Together, she and her eyelashes made history, of a sort. Along with her first husband, Jim Bakker, she helped build an evangelical empire worth millions of dollars—complete with a theme park, resort, and cable television network whose anchor offering, which Jim and Tammy hosted together, was beamed into some 13 million households at its peak in the mid-1980s. It all came crashing down amid charges of financial and sexual impropriety, which sent Jim Bakker to prison, cost him his ministry and made Jessica Hahn—a church secretary with whom he had intimate relations—a household name. His wife would battle a pill problem and bouts of depression. But the collapse of their world did not destroy Tammy Faye—who remarried (to another man who did some time behind bars), returned to cable, albeit briefly (as cohost of the secular “Jim J. and Tammy Faye Show,” with sitcom actor Jim J. Bullock), was memorialized in a documentary, and even wound up on the reality TV show “The Surreal Life,” alongside a former male-porn star.
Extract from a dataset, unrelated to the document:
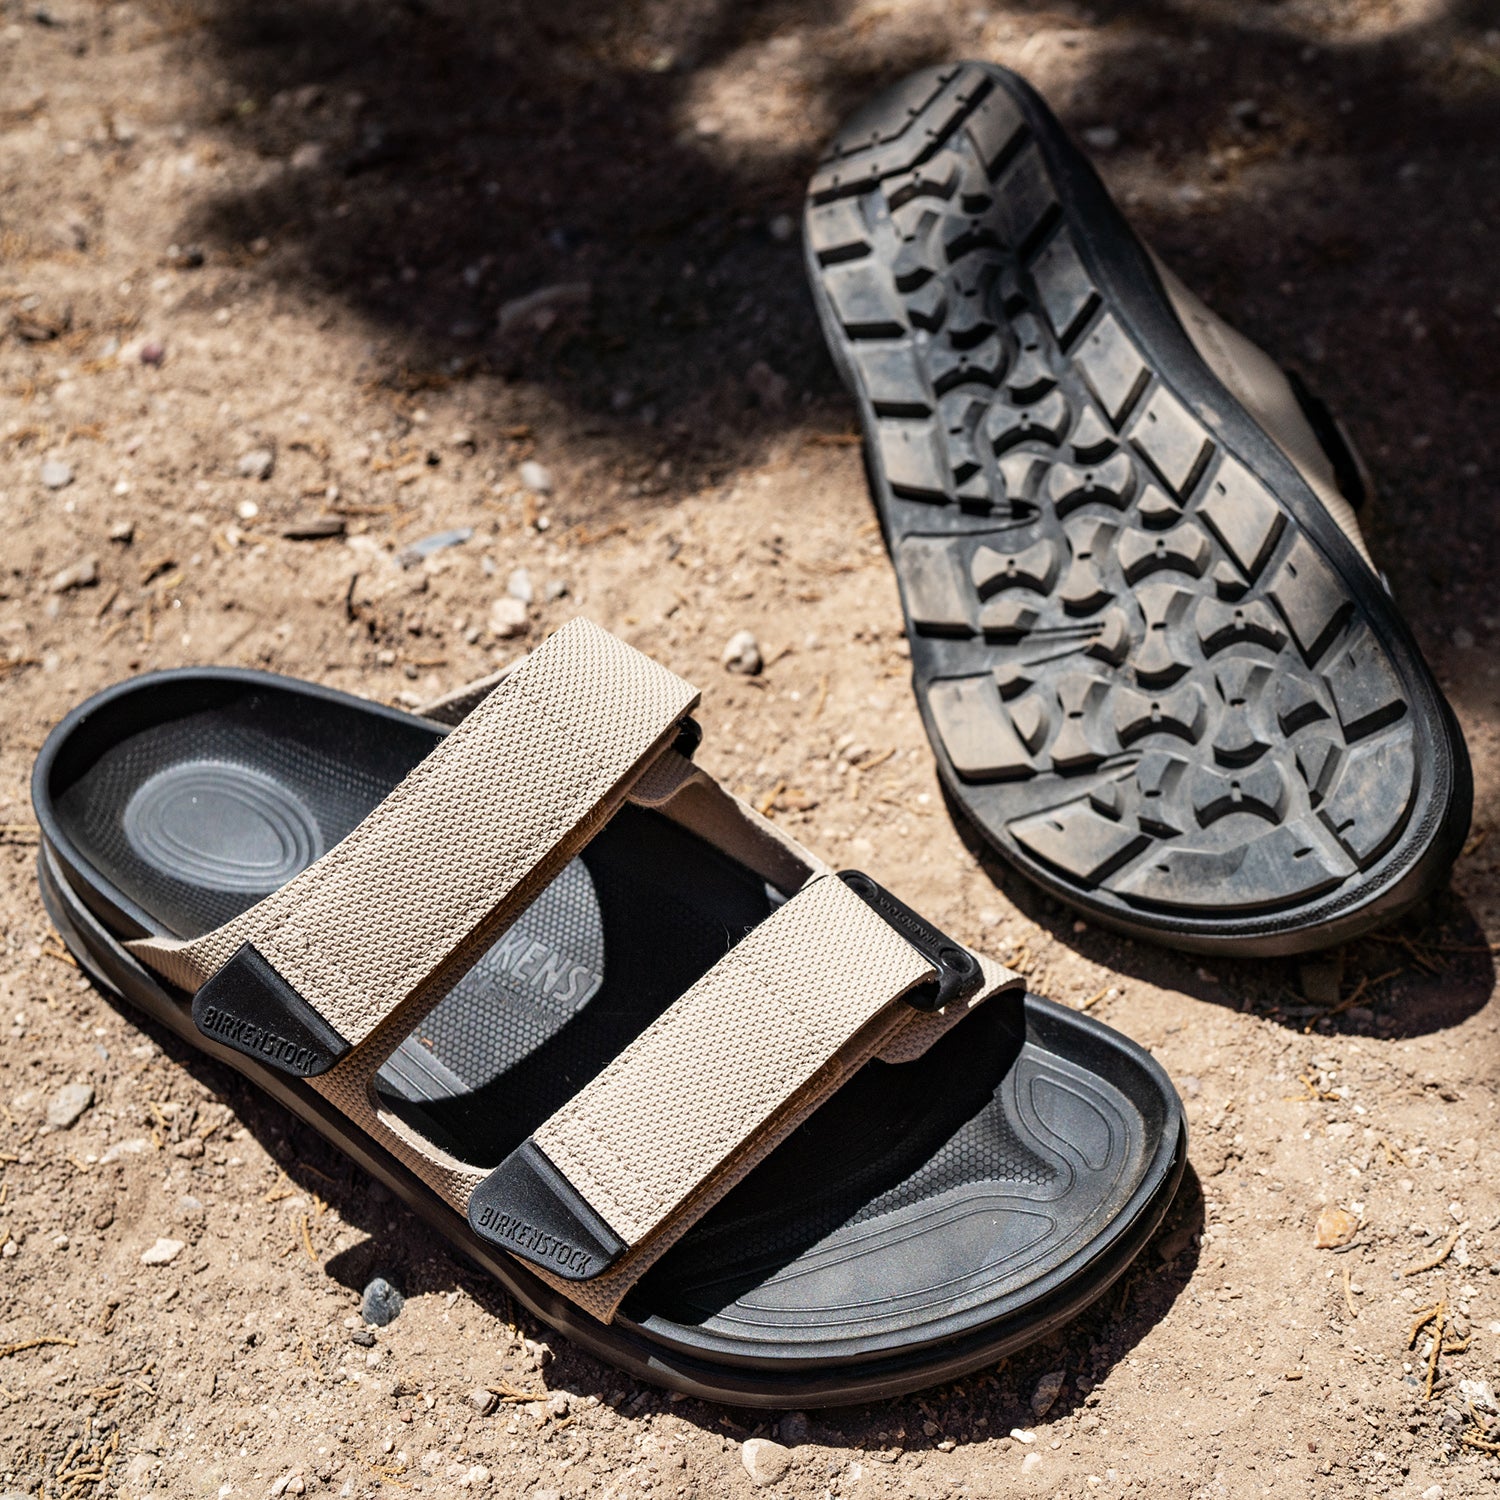 Buy Birkenstock Men's Arizona Slide Sandals,Brown,43 EU (10-10.5 N US Men /  12-12.5 N US Women) at Amazon.in

She became a campy icon of pop culture, and she never lost her faith.
Tammy Faye literally came in from the cold—from International Falls, Minn., the oldest kid in a family of eight; her father, a truck driver, and mother divorced when Tammy Faye was 3. She grew up in the Pentacostal church and wrote in her autobiography of having a religious experience when she was 10 that persuaded her to dedicate herself to her faith. As a teenager, she followed her church’s strict edicts and did not indulge in dances or movies. She attended North Central Bible College in Minneapolis, where she met Jim Bakker; he proposed on their first date. An Assembly of God minister, Bakker and his bride hit the tent-show circuit, singing, preaching, and spreading the good word, before Pat Robertson’s Christian Broadcasting Network put them on TV.
They took to the new medium—exhorting the audience with a strange blend of soap-opera drama, Jerry Lewis’s telethon tactics and reality TV. Tammy Faye told viewers about how she felt she had done the devil’s work when she first put on makeup, only to realize, through God, that it was OK. If viewers were suitably moved, they were invited to ring in and purchase Tammy Faye’s own line of cosmetics. She had been discussing her own struggle with addiction to prescription drugs, for which she sought treatment at the Betty Ford Clinic, when less sympathetic stories of the couple’s activities began to break.
After vowing to stand by her man, Tammy Faye divorced Jim during his stint in prison (he was released in 1994), and married a contractor who had worked at the Bakkers’ theme park, Heritage USA. She took his last name, Messner, but by that point, the world knew her simply as Tammy Faye. Though she cut short her appearance on the “Jim J. and Tammy Faye Show,” owing to her initial diagnosis with cancer, the program, cohosted by an openly gay actor, helped cement her status as a friend and supporter of the gay community—which has not always been welcomed by prominent evangelicals. Over the last decade, the limelight has had a hard time letting go of her. She cooperated with the makers of “The Eyes of Tammy Faye,” a sympathetic documentary, appeared as a character on “The Drew Carey Show,” popped up on “Entertainment Tonight” and discussed her illness openly, on “The Larry King Show,” as well as a Sundance channel program featuring her son, Jay Bakker, entitled “One Punk Under God.” (Jay, bedecked with tatoos and piercings, has taken to the family business.) She also maintained her own Web site. Over the weekend, tammyfaye.com went dark. I hope they have L’Oreal Waterproof Lash Out in heaven.